<トップアスリートの食事:伊藤華英さん>
競泳背泳ぎ、自由形で北京、ロンドンと2度のオリンピックに出場した伊藤華英さん(33)は現在、東京オリンピック・パラリンピック競技大会組織委員会として活動する傍ら、母校日大の非常勤講師として指導もしている。
そんな中、女性アスリートに感じているのは、女性であることの自覚のなさ、自分を知らない選手が多いこと。「強くなったとしても、男性になるわけじゃない。でも、錯覚してしまうのか、女性を捨ててしまう選手がいる」と神妙な表情を見せる。
婦人科へ行くことの抵抗感を捨てて
トレーニング量に対し、エネルギー摂取量が足りず、運動性無月経になっている10代女子選手がいれば、伊藤さんは「すぐに婦人科で診てもらいなさい」と伝えるが、そもそも「婦人科」へ行くことへの抵抗感がある選手は少なくない。
無月経が長期になれば、エストロゲンという女性ホルモンが分泌されないため骨がもろくなり、選手生命にも影響する。しかし、「生理がない方が楽」「現役のうちは生理はなくていい」「生理がなくなって一人前」などと思い込み、放置してしまう選手もいるという。その末、子どもが欲しいときに取り返しのつかない体になることもある。
低容量ピルも上手に使って
競技者として強くなるには、人間として自立することが重要。「自立するには、自分を知ること。自分が女性であることに向き合うことが大切」と伊藤さんは力を込める。
まず、体組成や食事のデータとともに基礎体温と心身の変化など、体の状態や周期を記録すること。月経異常がある場合、または試合日に最高のコンディションで臨めるよう生理の時期を調整したい場合は、婦人科で処方される低容量ピルの利用をすすめる。ドーピング検査にも問題なく、副作用も少ない。「そういった相談ができ、知識を得るためにも、信頼できる婦人科など専門の機関を使って欲しい」と言葉に熱を込めた。
生理の時は運動してはいけないのか
競泳は、日頃から男女一緒のプールで練習するため「自然と男子が、女子の体のことを理解するような環境にあった」と説明する。体調については、男性コーチであっても逐一報告。伊藤さんは、生理前になると情緒不安定になる月経前症候群を抱えていたが、周囲の理解もあって乗り越えられた。
一方で、いまだ「生理のときは運動をしてはいけない」と思っている指導者や選手がいるのも事実。「月に1度訪れる生理の時期に練習しなかったら、アスリートとして戦えない」。もちろん、さまざまなケースや個人差もあるが、間違った認識のままでいたり、最新の情報がアップデートされない状況に危機感を抱いている。

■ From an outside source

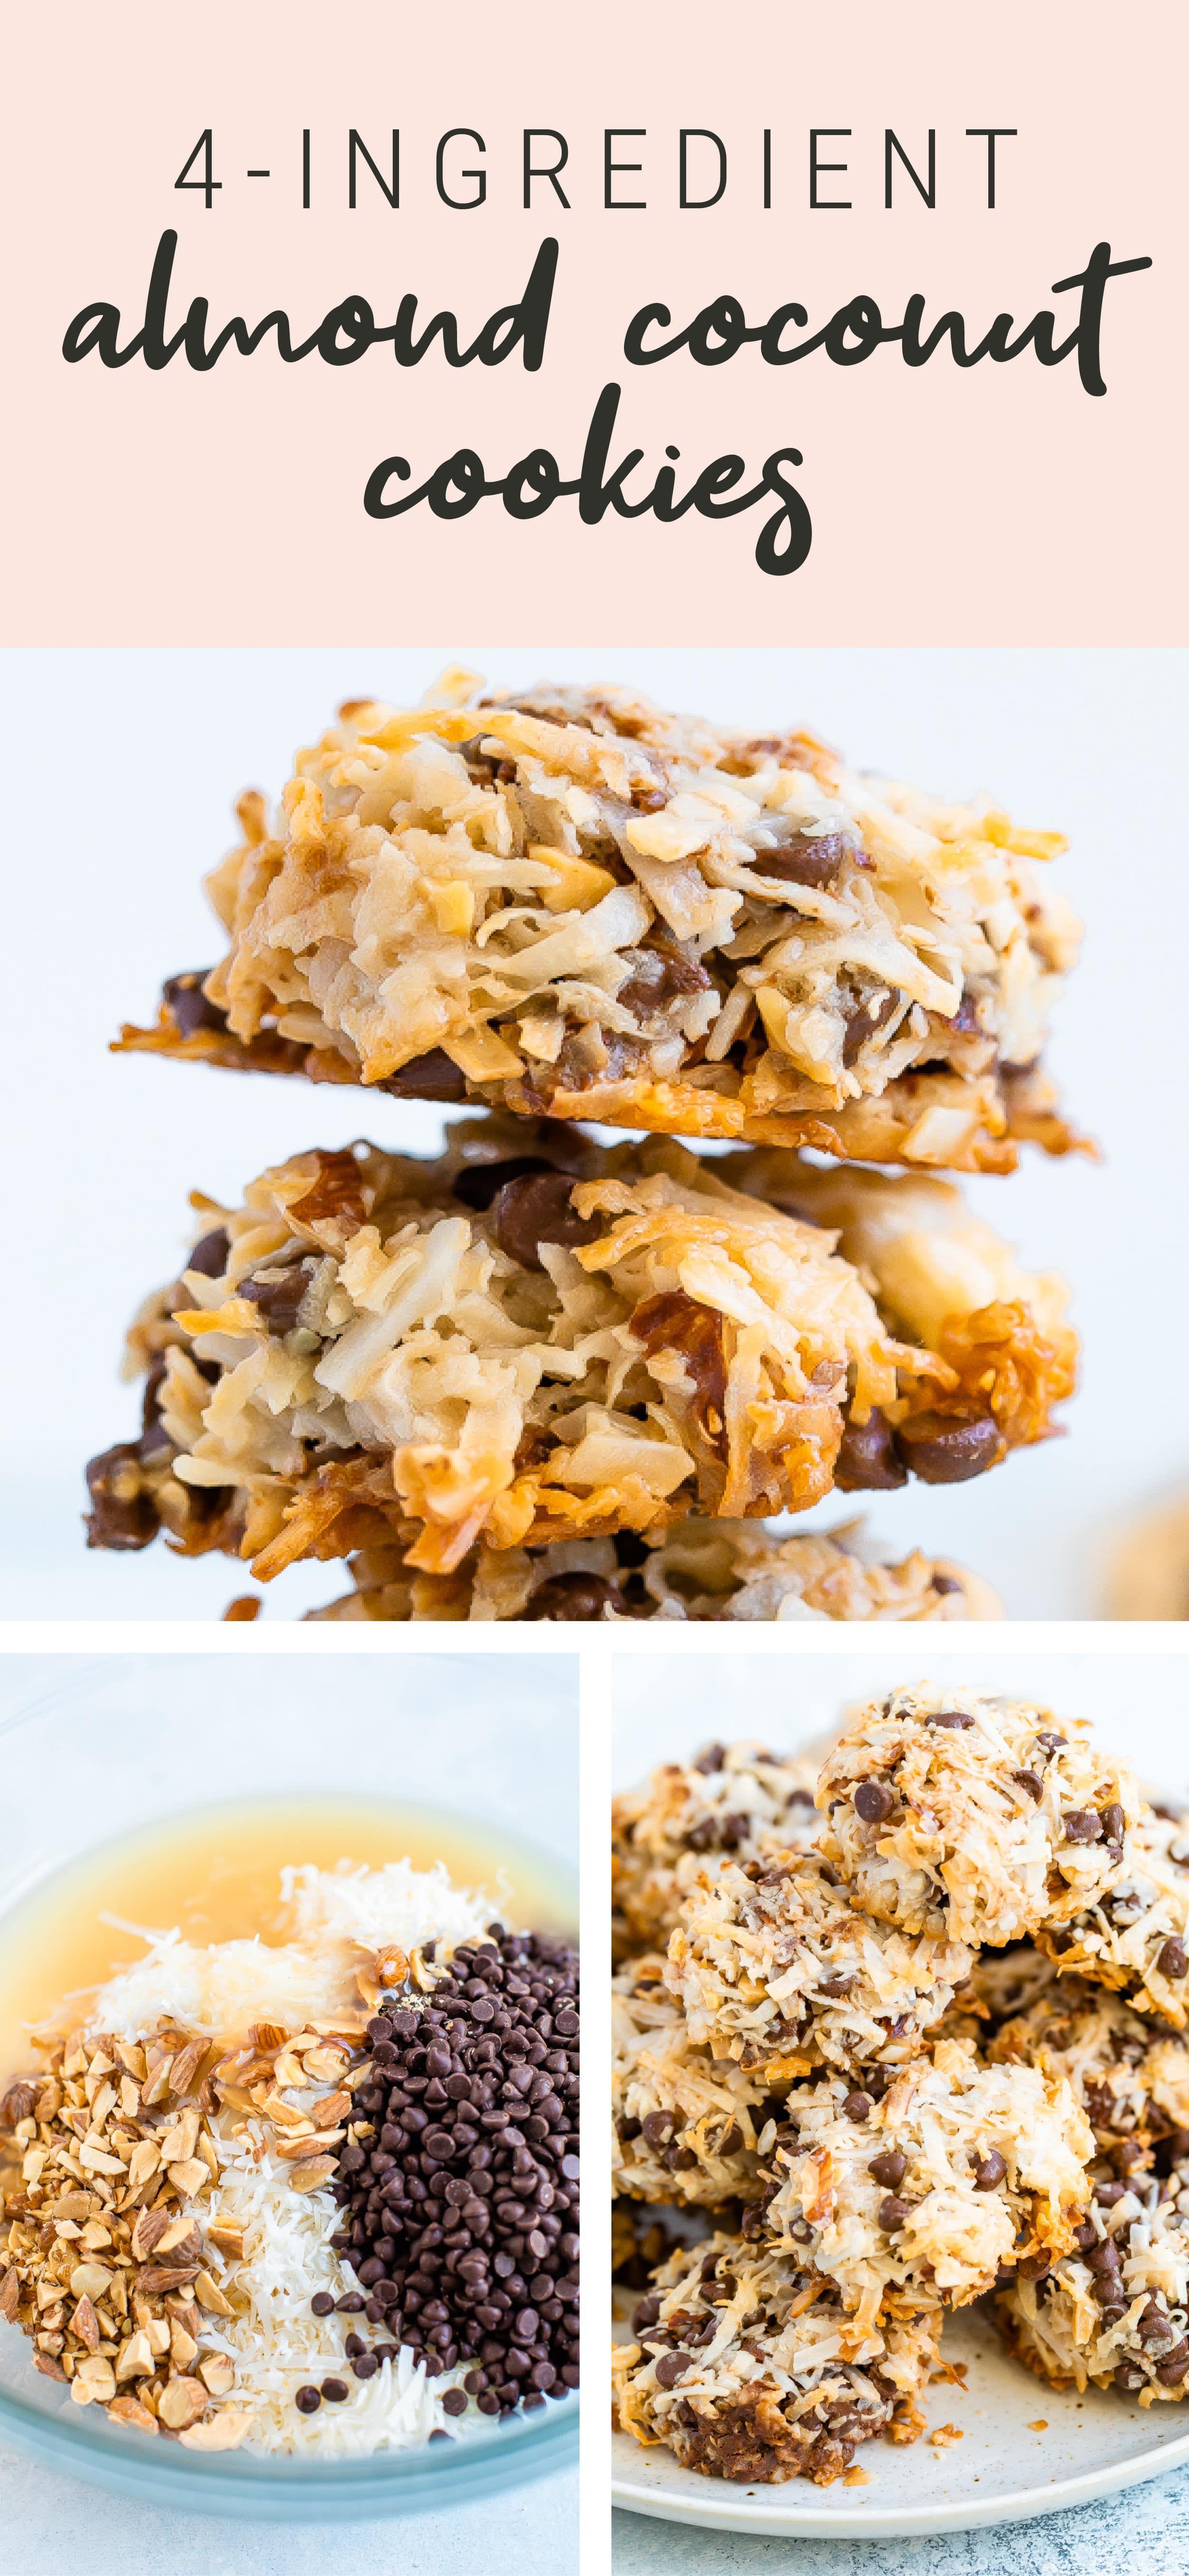 4-Ingredient Almond Coconut Cookies
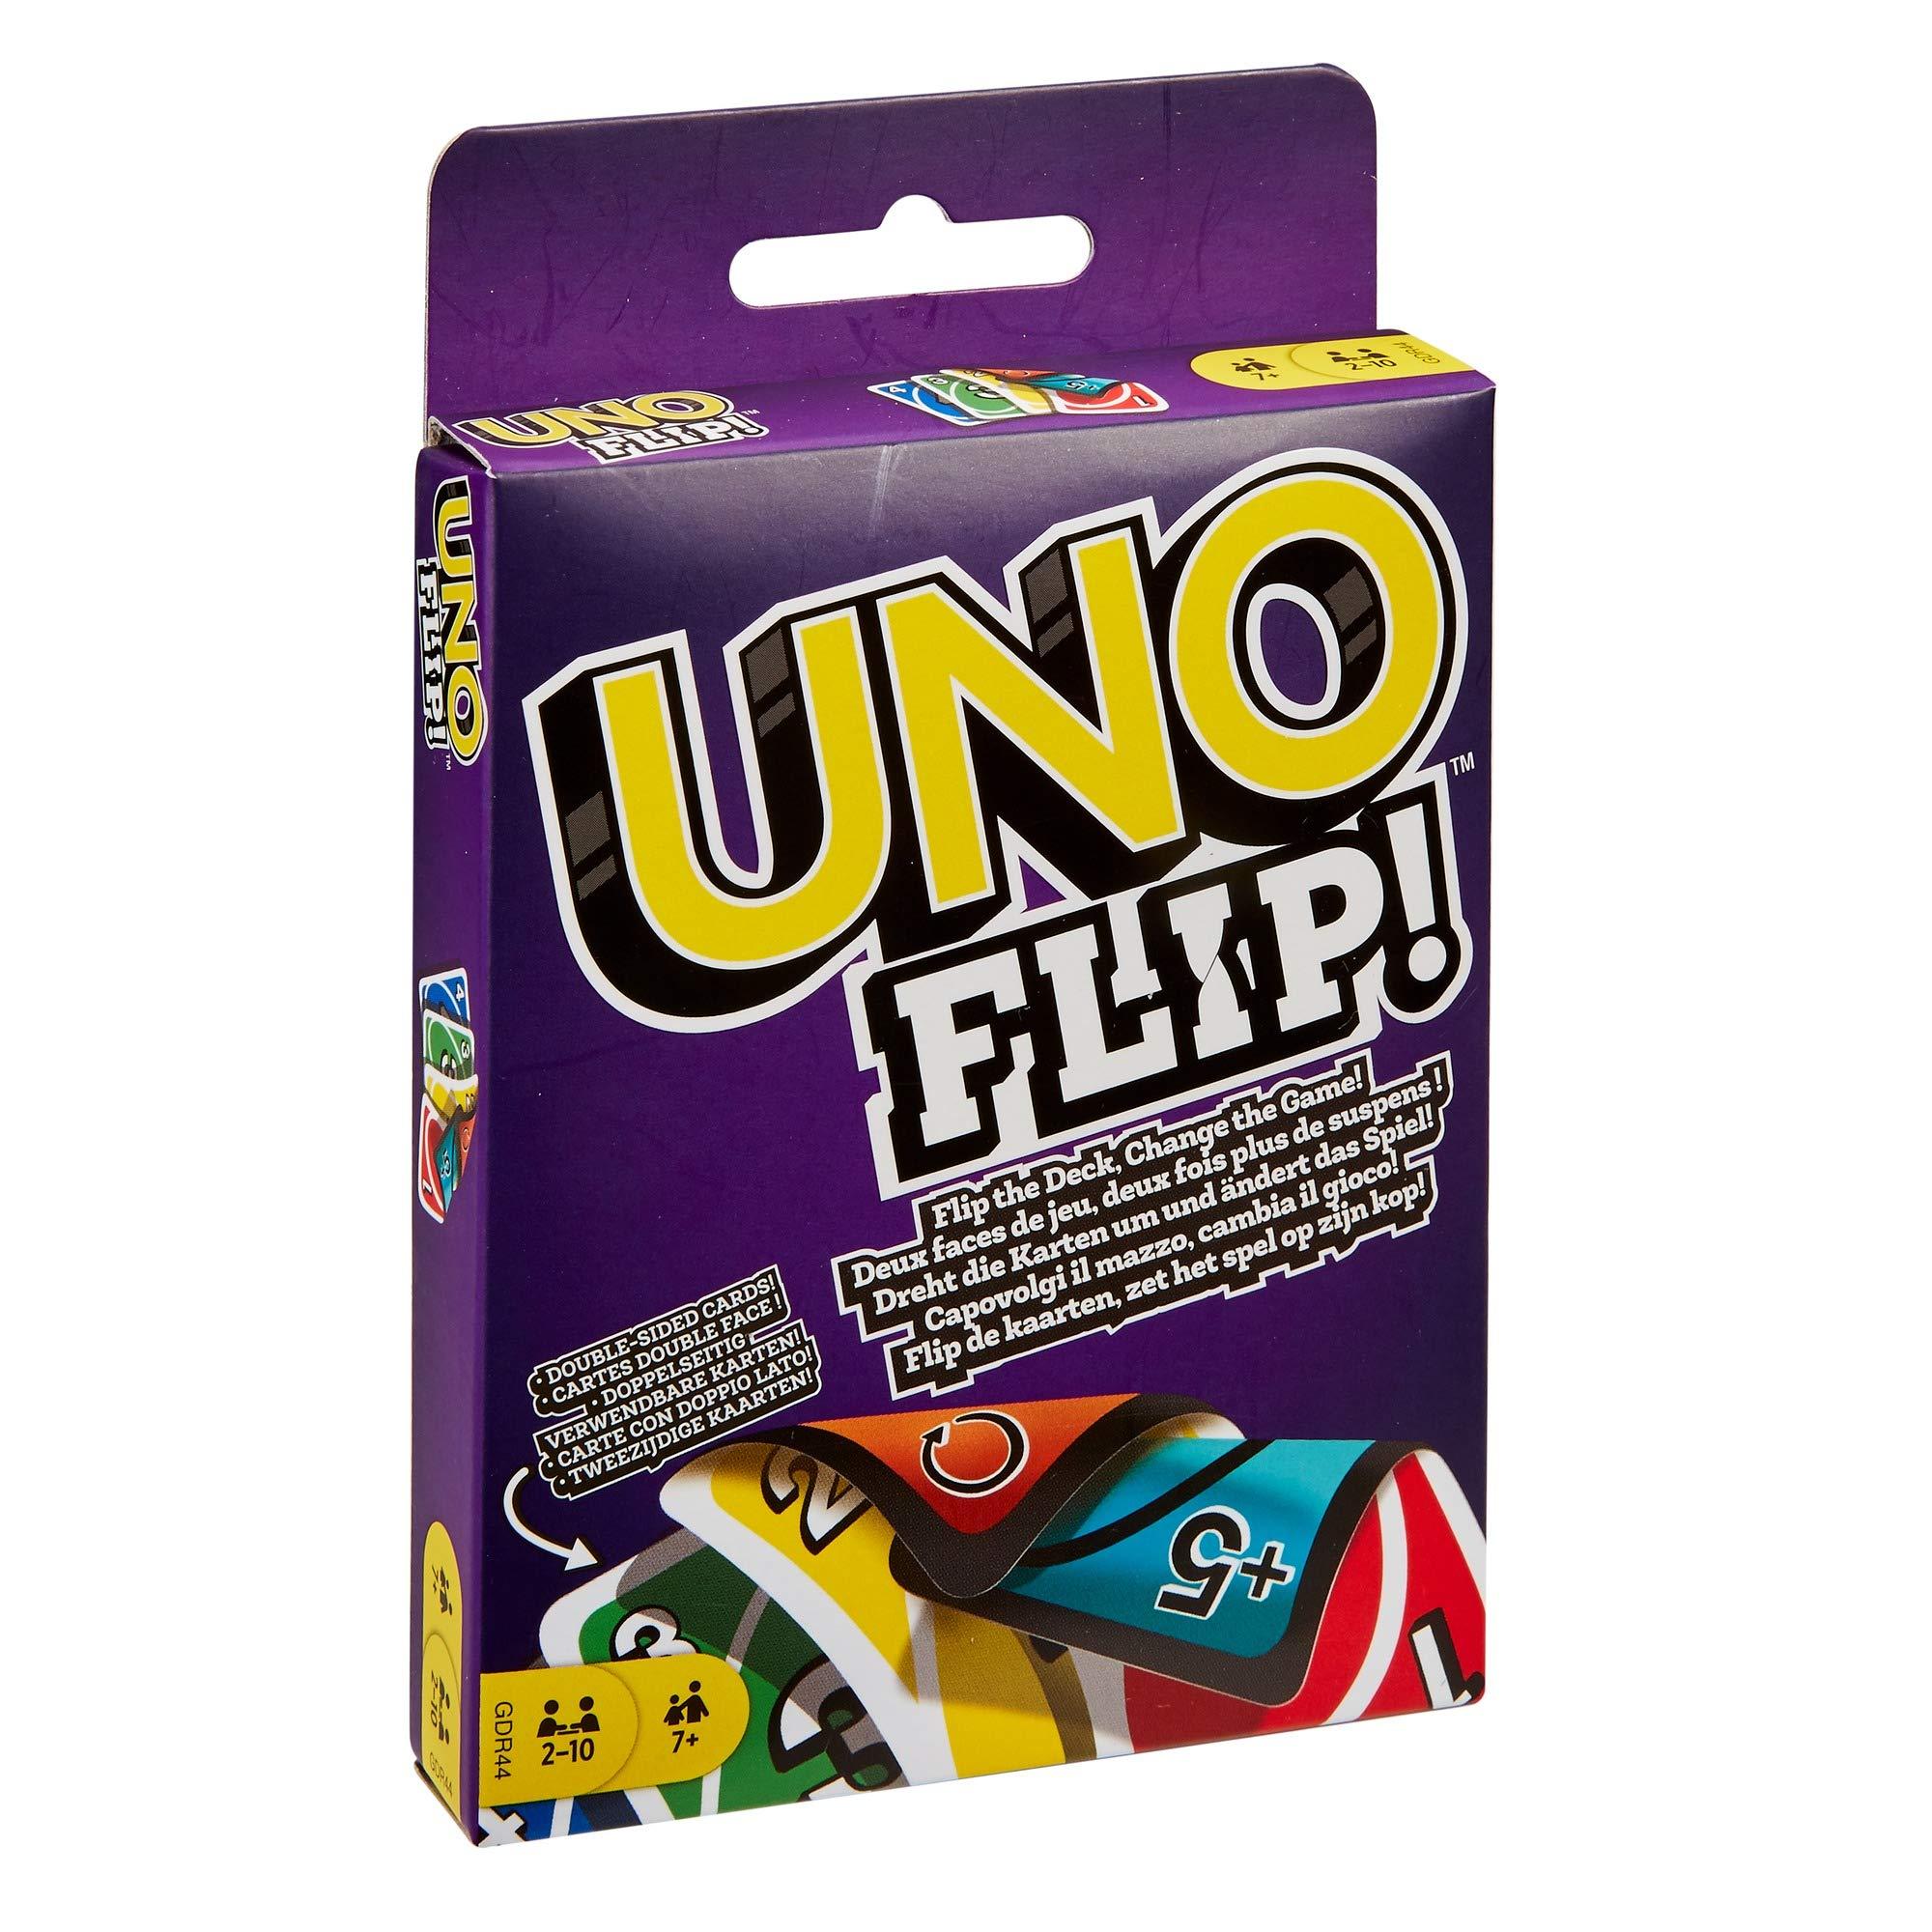 Mattel Games Uno Flip Side product image

特に、「中学生のダイエットは、将来の卵巣リスクを高めるのでやってはならない」と声を大にする。体重管理が厳しい審美系競技などの選手は「エネルギー量は少なくても栄養価の高いものをとるべき」と、いくつかのメニューを教えてくれた。伊藤さん自身が実際に作っているものだ。
<伊藤華英さんおすすめメニュー>
*●栄養価の高い食材を利用*
・スーパーフードを利用。キヌアなどを混ぜて雑穀米に。
・ソバの実をゆでてお粥風に
・ギリシャヨーグルトにふやかしたチアシードを混ぜ、ハチミツをかける
・スーパー野菜「ビーツ」を使ったリゾットやスープ
*●部位や調理法に注意*
・肉は赤身を選ぶ。低脂質で貧血予防
・栄養素を失わないコールドプレスジュースやスムージーで野菜をとる
・菓子パンなどエネルギー量の高いものをやめる
現役時代は食事に苦労。引退後はさまざまな勉強をして、スポーツ界にフィードバックしている伊藤さん。若い世代のために、女子アスリートを取り巻く問題について、今後も発信し続ける。
【アスレシピ編集部・飯田みさ代】
◆伊藤華英(いとう・はなえ) 1985年(昭60)1月18日、埼玉県大宮市(現さいたま市)生まれ。東京成徳大中-東京成徳大高-日大。背泳ぎ選手として活躍。世界選手権は01年から4大会連続で入賞し、08年北京オリンピック100m8位。左膝痛などから10年に自由形に転向し、12年ロンドンオリンピックに出場した。同年の国体後に引退し、早大学術院-順大大学院。現在は東京オリンピック・パラリンピック競技大会組織委員会のメンバーとして活動。日大非常勤講師も務める。